Monday, August 4, 2014
Our One Click Culture
We are always looking for signs that we are acquiescing to the craziness of this one-click culture. When we adhere to the notion that there is something out there to chase, we lose perspective, make choices against our better judgment, and ultimately we get careless.
This is as true of teens as it is for us. We all want, and seem to need, quick fixes. But are quick fixes always the best way to proceed? I believe that these quick fixes can lead to a lot of difficulties for us and our family. But what’s more by relying on quick fixes, we are teaching our kids that they should expect these fixes to make them happy and fulfilled.

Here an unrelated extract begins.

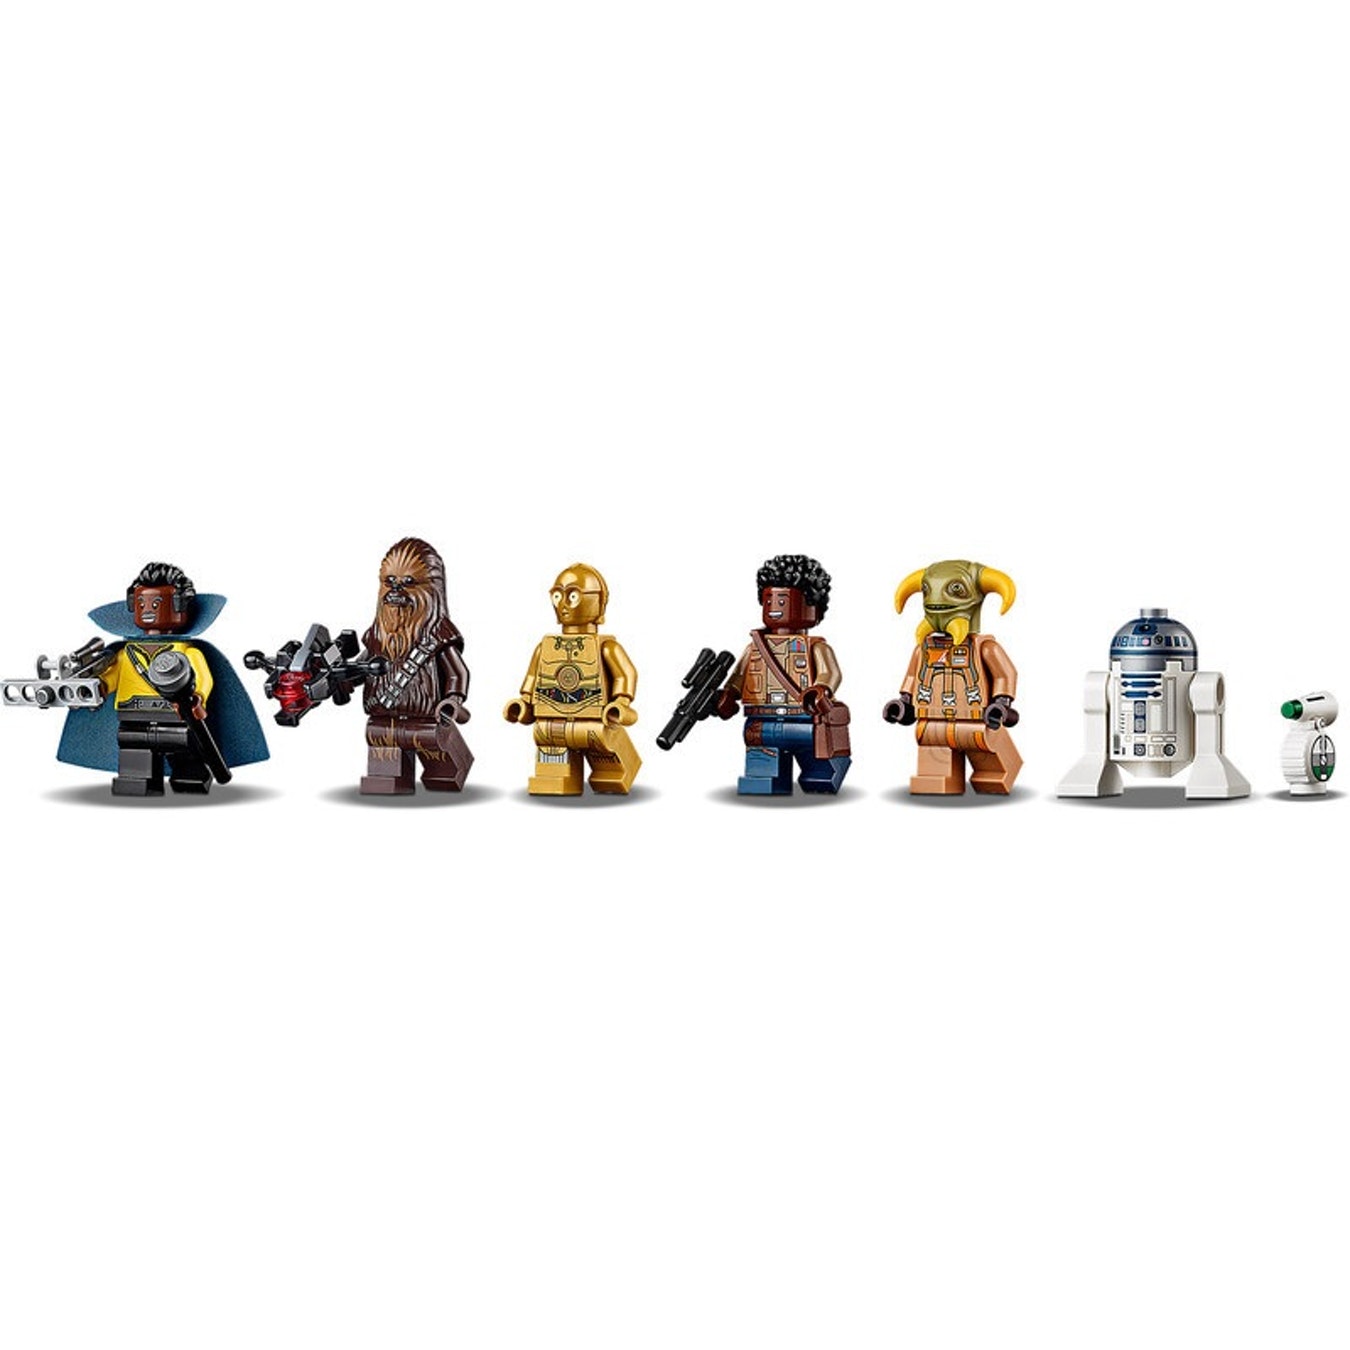 LEGO Star Wars - Tusindårsfalken (75257)

This mindset can create a lot of difficulties for our kids later on in life too. They will not only rely on quick fixes but they will expect them. Not only that, but there will always be something out there that they will be chasing to find happiness and contentment. And this is where the main difficulty comes in. When we search for things outside of us to make us content and fulfilled, we will constantly be searching and never quite finding what will make us happy. This can set up a malaise and unhappiness that is running rampant in our society today.

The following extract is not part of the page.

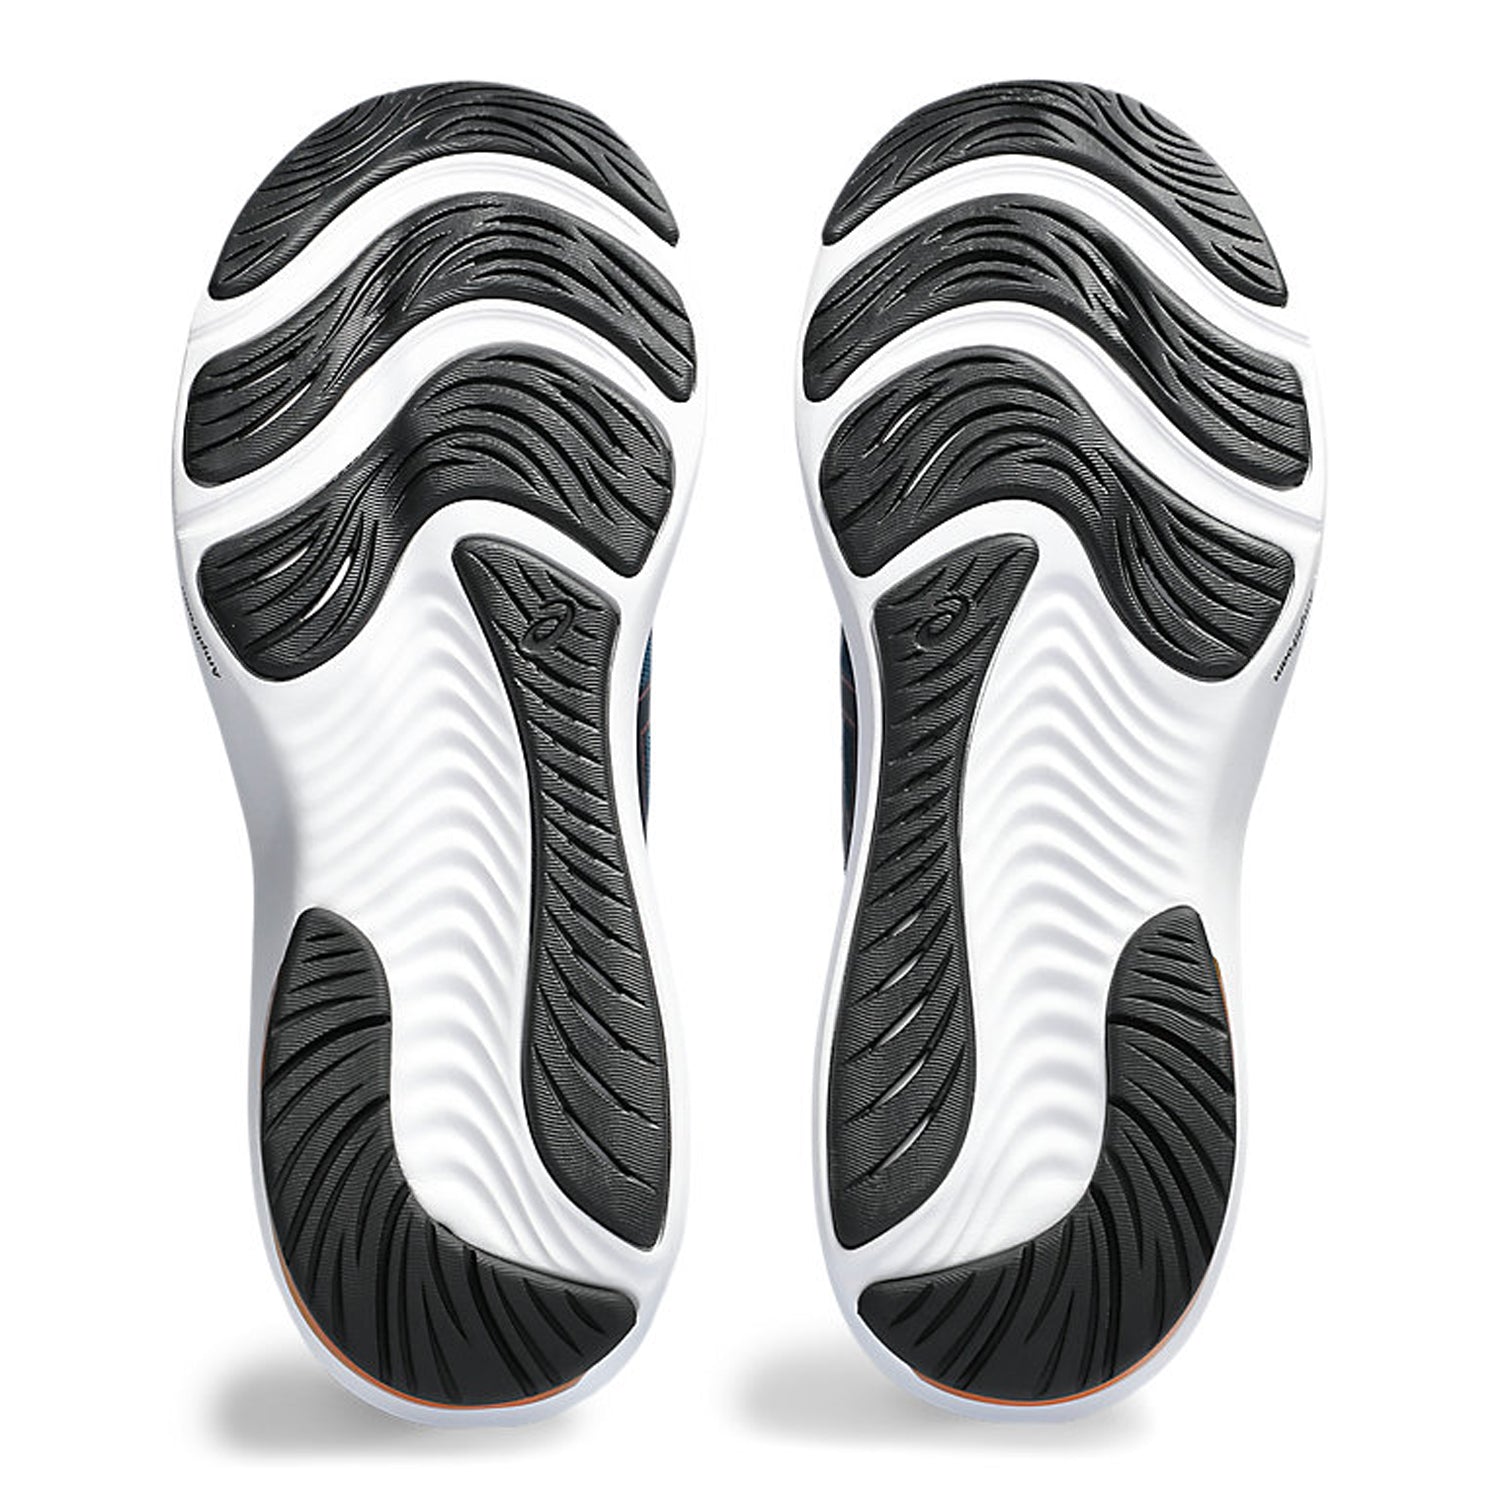 Asics Gel-Pulse 14 Men's Running Shoes - Best Price online Prokicksports.com

Thus, it is imperative for parents to change this mindset in themselves first. Many times, our kids mimic our behaviours and actions. If we go for quick fixes and count on them, so will our kids. However, if we teach our kids the short-term nature of quick fixes, we will be teaching them to look beyond these quick fixes to something that is much more permanent and long-term.
Here are a few ways that parents can show their kids how not to rely on the one-click culture of quick fixes.
1. Show your kids the importance of looking to make their own choices, based on their own values and not on those of the culture that they live in. This can be hard to do at first because the media is everywhere and your kids are constantly plugged in. But it can be done with a bit of persistence and mostly through an example of good action and behaviour by the parents.
2. Show your kids that quick fixes don’t give long-term happiness. Quick fixes yield quick results, and quick results are not usually permanent and very short lived. These quick fixes can further frustrate your child and make them feel depressed and out of control, leading to a lack of fulfillment and an overall malaise.
3. Show your kids the importance of turning inward and developing their own perspectives. If they need to make a decision, they should rely on the values that the parents instilled in them to make a wholesome and balanced decision, one that does not depend on anything or anyone outside of them.
4. Show your children through your actions that there is nothing out there that can make them happy or fulfilled. Instead, fulfillment and contentment can only be developed from the inside. This will give your children a sense of where they have to turn when they want to feel more in control and fulfilled.
By following these tips, we will be showing our kids how to become happier and more fulfilled. But more than that, our kids may not be as careless, depressed and unhappy if we, as parents, can show them the importance of turning inward and not outward. And who knows, we may turn around one day and see our kids unplugging from that one-click culture that they believed was so meaningful to them in the first place.